Hay un truco que muchos viajeros frecuentes conocen y que yo descubrí tarde: los upgrades en el aeropuerto. Algunas aerolíneas ofrecen la posibilidad de subir a premium economy pagando una diferencia en el check-in o incluso mediante subasta online días antes del vuelo. Si viajas con cierta flexibilidad y el vuelo no está lleno, puede ser la forma más barata de probar esta clase sin pagar el precio completo.
Las diferencias que realmente importan en un vuelo largo
Pasadas las primeras horas de vuelo, lo que marca la diferencia no es el tamaño de la pantalla ni los cubiertos de metal. Es el cuerpo. La posibilidad de estirar las piernas sin golpear al de delante cambia la ecuación del sueño por completo, y quienes hayan llegado alguna vez a Nueva York o a Ciudad de México después de diez horas en turista saben perfectamente de qué hablo: ese estado entre el zombie y el sonámbulo que puede durar el primer día entero.
El embarque prioritario es otro de esos pequeños placeres que resultan más prácticos de lo que parecen.

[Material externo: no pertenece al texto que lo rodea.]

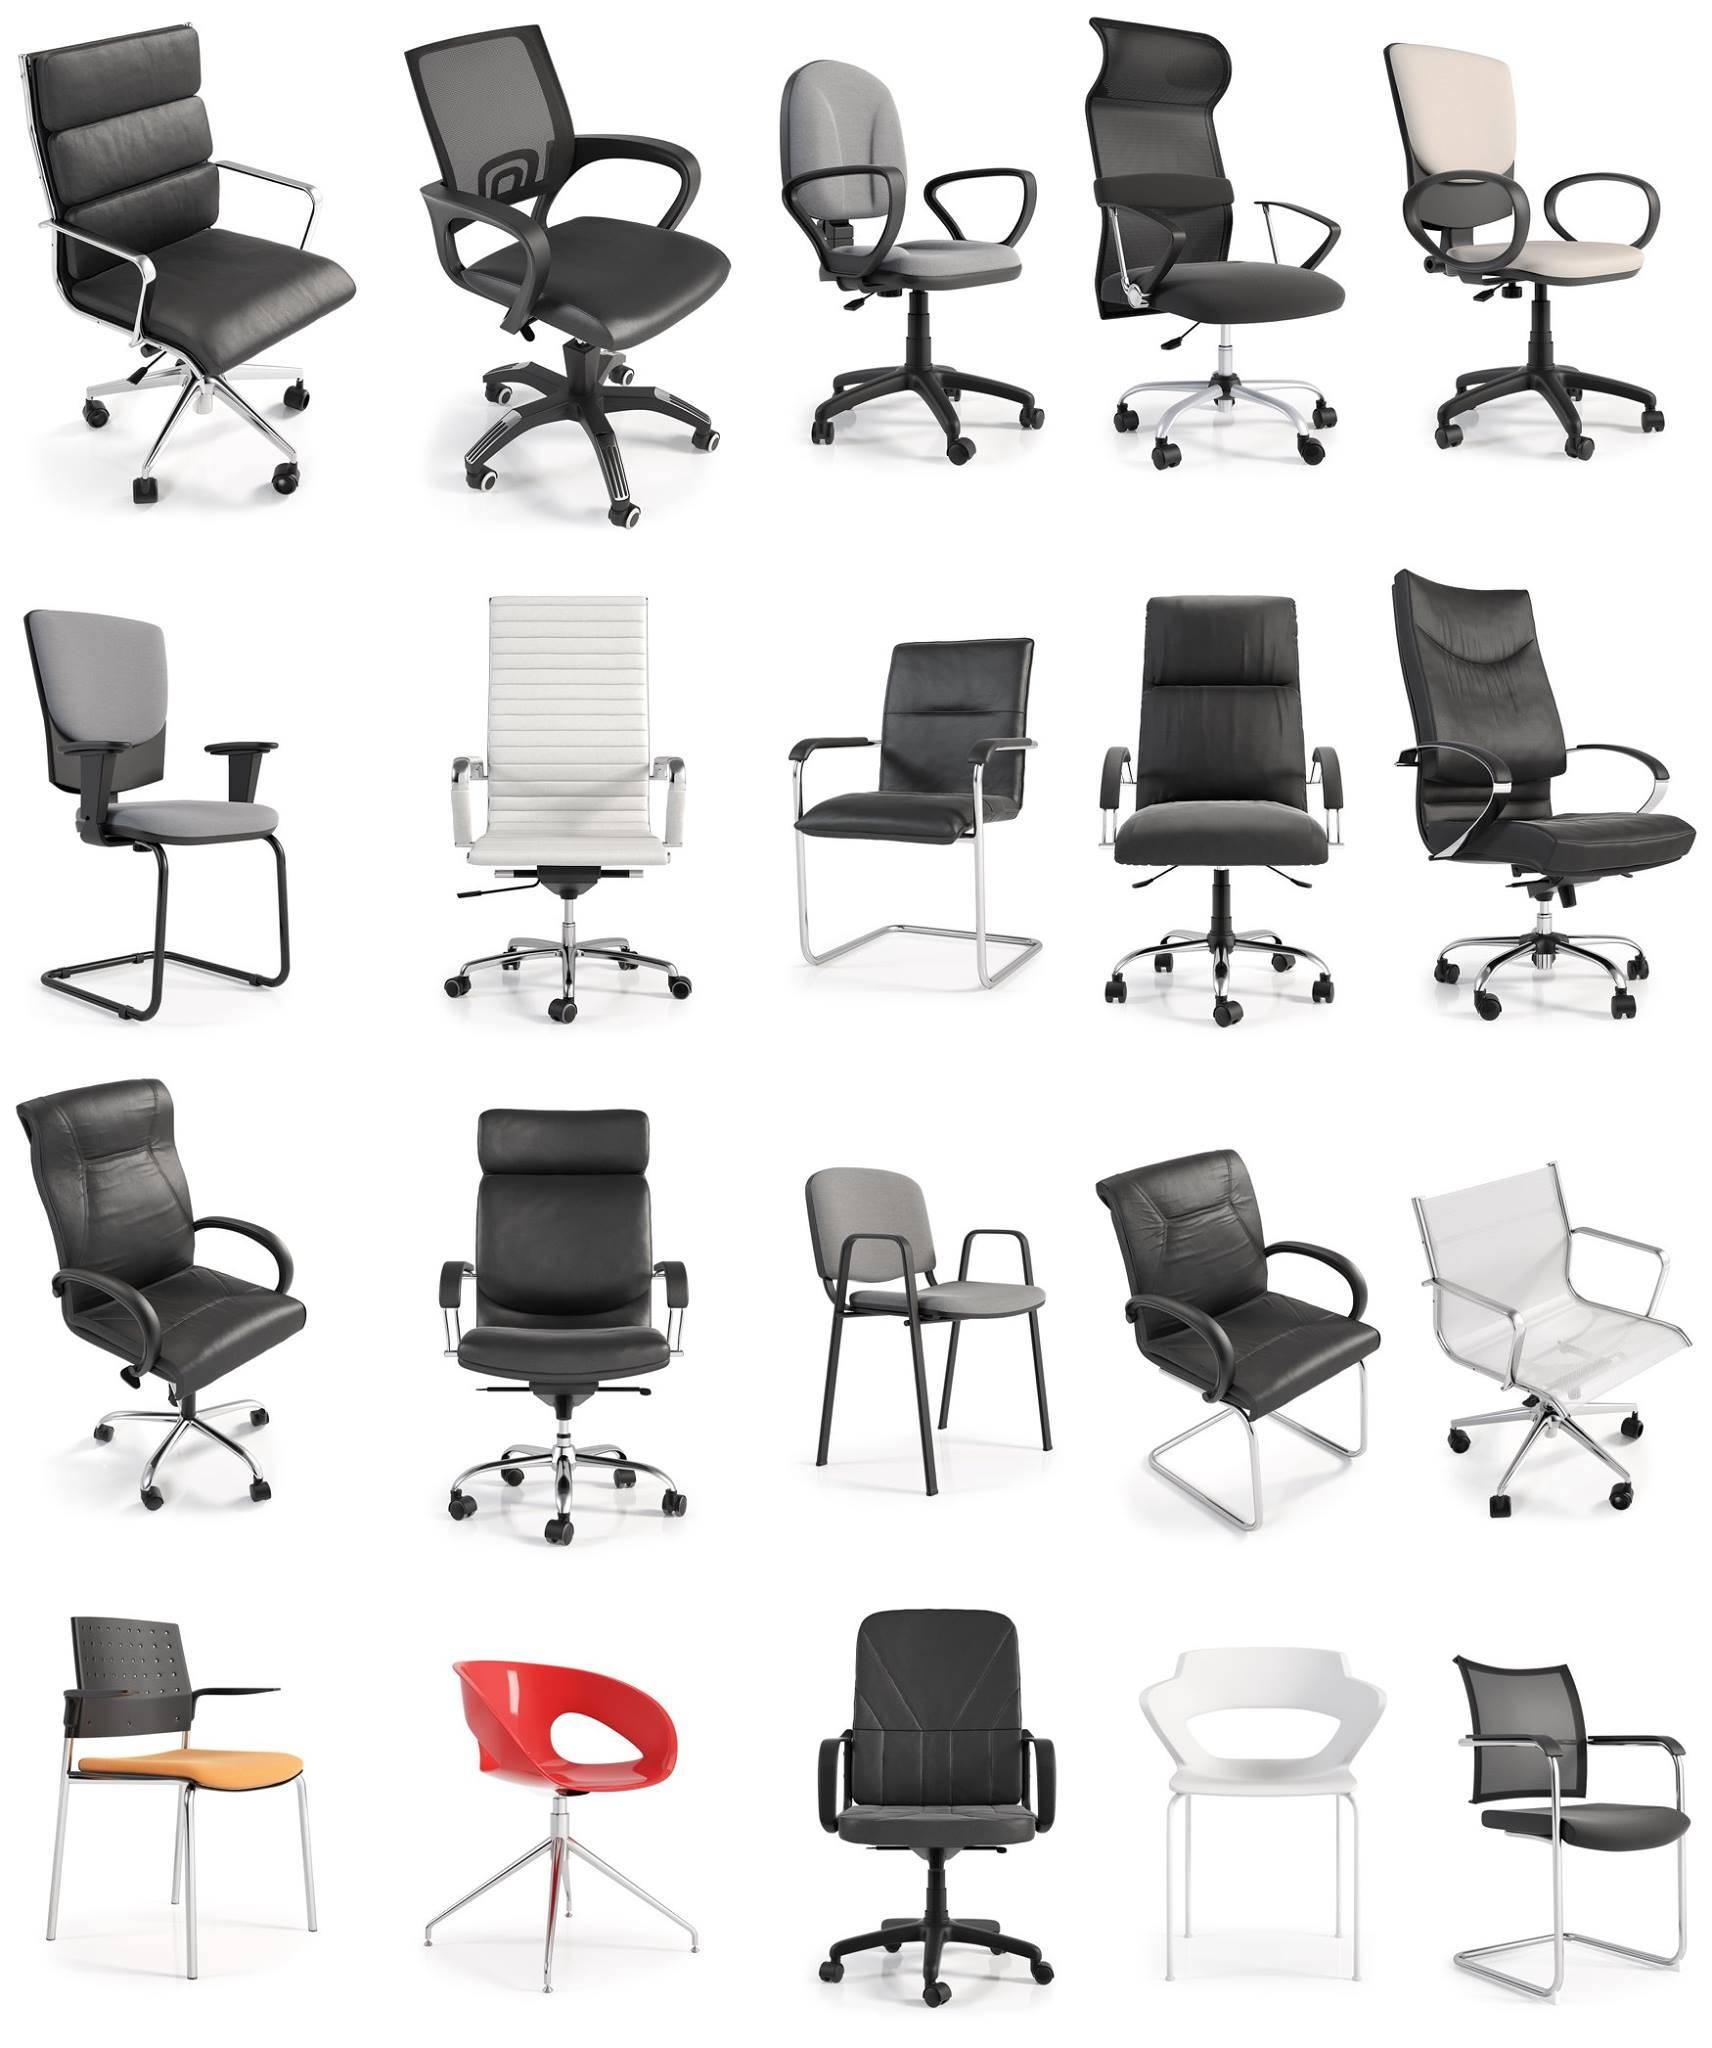 Modelos 3d gratis cclxxx sillas de oficina ejezeta for Sillas para oficina office max

Poder colocar el equipaje de mano sin la angustia de si habrá hueco, sentarse tranquilamente mientras el resto del avión se llena, tener unos minutos para organizarte antes del despegue. Insignificante en apariencia, pero quien viaja seguido sabe que ese margen de calma vale mucho al inicio de un vuelo largo.

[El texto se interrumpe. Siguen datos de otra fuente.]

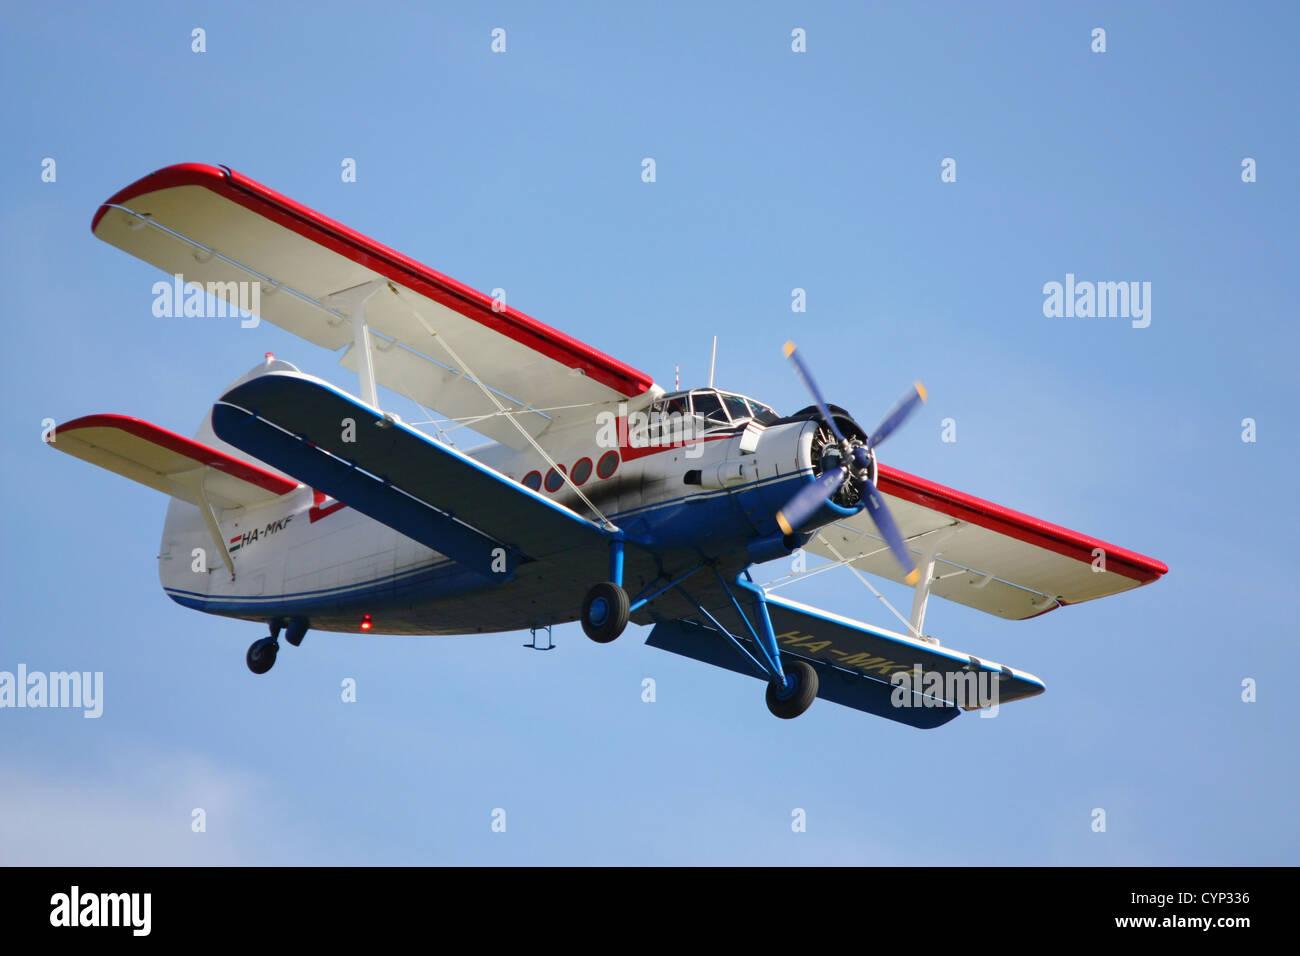 antonov an-2 aircraft flying at duxford 2012 - Stock Image

La atención a bordo también cambia. No porque el personal de turista haga mal su trabajo, sino porque la ratio de pasajeros por auxiliar de vuelo es diferente. En premium economy hay menos gente y más servicio per cápita, lo que se traduce en menos esperas y más atención cuando la necesitas.

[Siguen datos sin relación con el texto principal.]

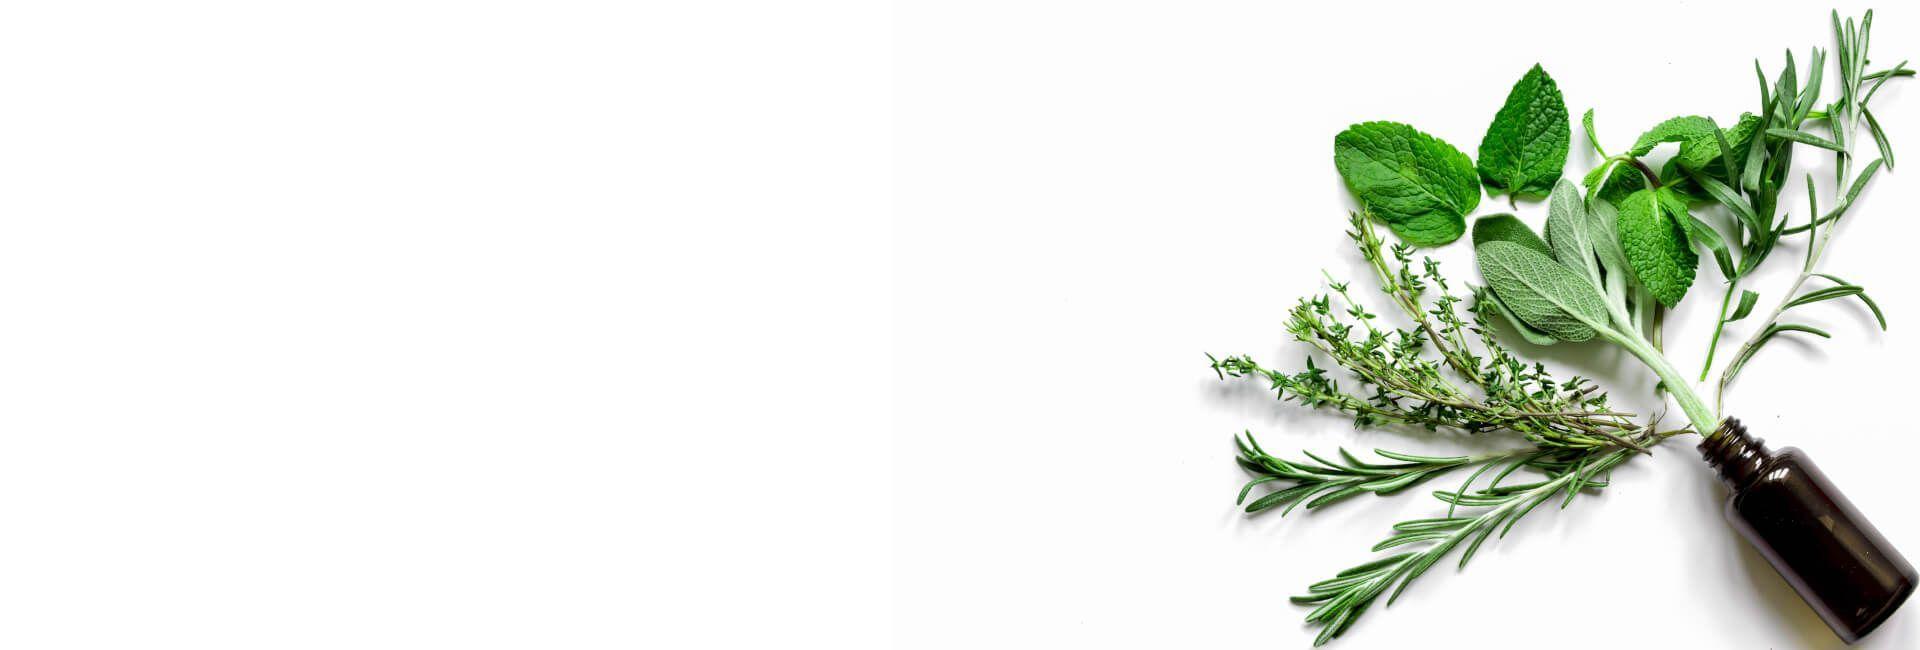 Herbs Flower Gifts Bristol - Best in Bristol, CT

¿Para quién tiene sentido de verdad?
No para todo el mundo ni en todo viaje. Esa es la respuesta honesta. Un vuelo de dos horas a Londres no justifica el gasto. Un vuelo nocturno de doce horas a Bangkok, quizás sí. La lógica tiene que partir de la duración del vuelo, de lo que te espera al llegar y de cuánto valoras llegar descansado.
Lo que me quedó claro después de aquella primera vez es que la premium economy resuelve exactamente el problema que tiene la turista en rutas largas: el cuerpo. No te da el glamour de la business ni el champán de bienvenida, pero te devuelve algo que el avión moderno le quitó al viajero común: la posibilidad de llegar sintiéndote persona. Y a veces eso es suficiente para que la ecuación cambie de signo.
La pregunta que me hago ahora, con cierta ironía, es cuántos viajes largos en turista me habría ahorrado si hubiera explorado antes estas opciones. O quizás la pregunta más interesante es otra: ¿hay algún destino que tengas pendiente que justifique, por fin, cruzar esa cortina?